I'm not sure there is any fair way to compare across projects. The issue is that some projects use only integer math and others only floating point math. At present only the floating point speed benchmark is used in calculations.

An arbitrary conversion can be done saying that 5 integer adds = 1 floating point add, but is that fair across all processors?

I think people are forgetting the original reason they went from units to credits. In the old system a shorty counted as much as a long. Not fair. But CPU time was also counted. That took the short/long into account, but did not take into account processor speed.

The credit system was supposed to take both into account and come up with a single number. They tried benchmarks to see how fast the processor ran. What they got was a very crude system that is only fair if the science is the benchmark.

As I understand creditnew it is more to prevent user fraud in open source than it is a serious attempt to even out credits. It addresses a optimized app that reports 100x work by comparing the claimed credit numbers with other machines. It can't do much about a project that claims 2X for every unit.

Now perhaps if the credit software consulted manufacturers data sheets on the number of cycles for each instruction and the speed of the clock on the system something close to fair could be implemented. Then each science application would have to be counted as to how many of each type of instruction was run. Not going to happen.
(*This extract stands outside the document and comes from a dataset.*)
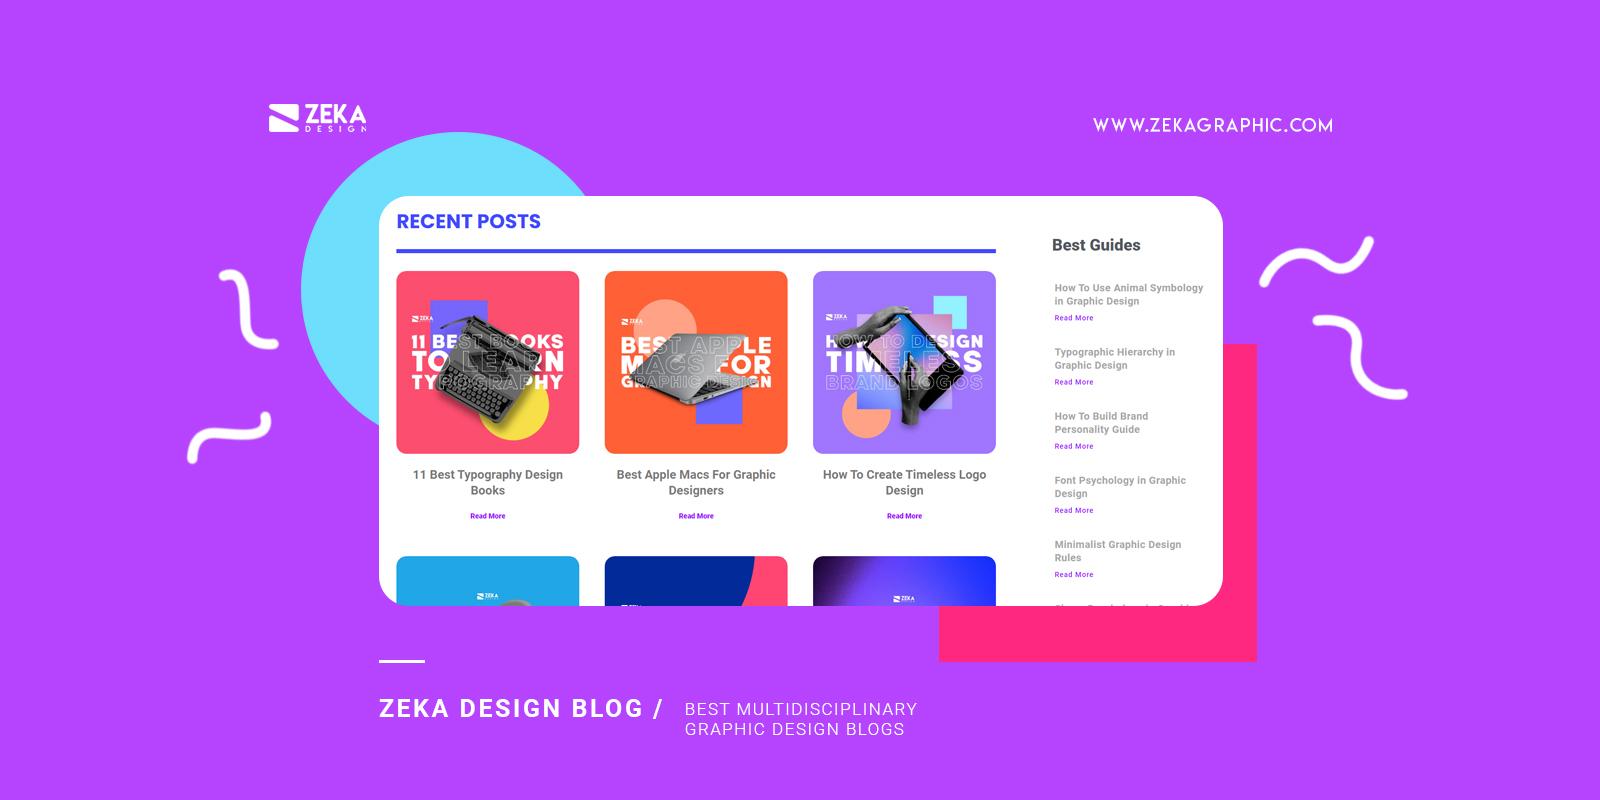 Zeka Design Blog Best Graphic Design Blogs

So what has happened is that each project admin has been left on his word that his correction factor is honest. As crunchers say different projects pay different amounts, we know that the correction factors are not set uniformly, can't say if that is intentional or not. I think most people believe it is intentional in some cases. I don't know how the BOINC software can catch that unless it debugs the science application to count instructions (which would make it crawl) Or do science applications need to be registered with a central authority, which would end optimized apps.

This isn't ever going away.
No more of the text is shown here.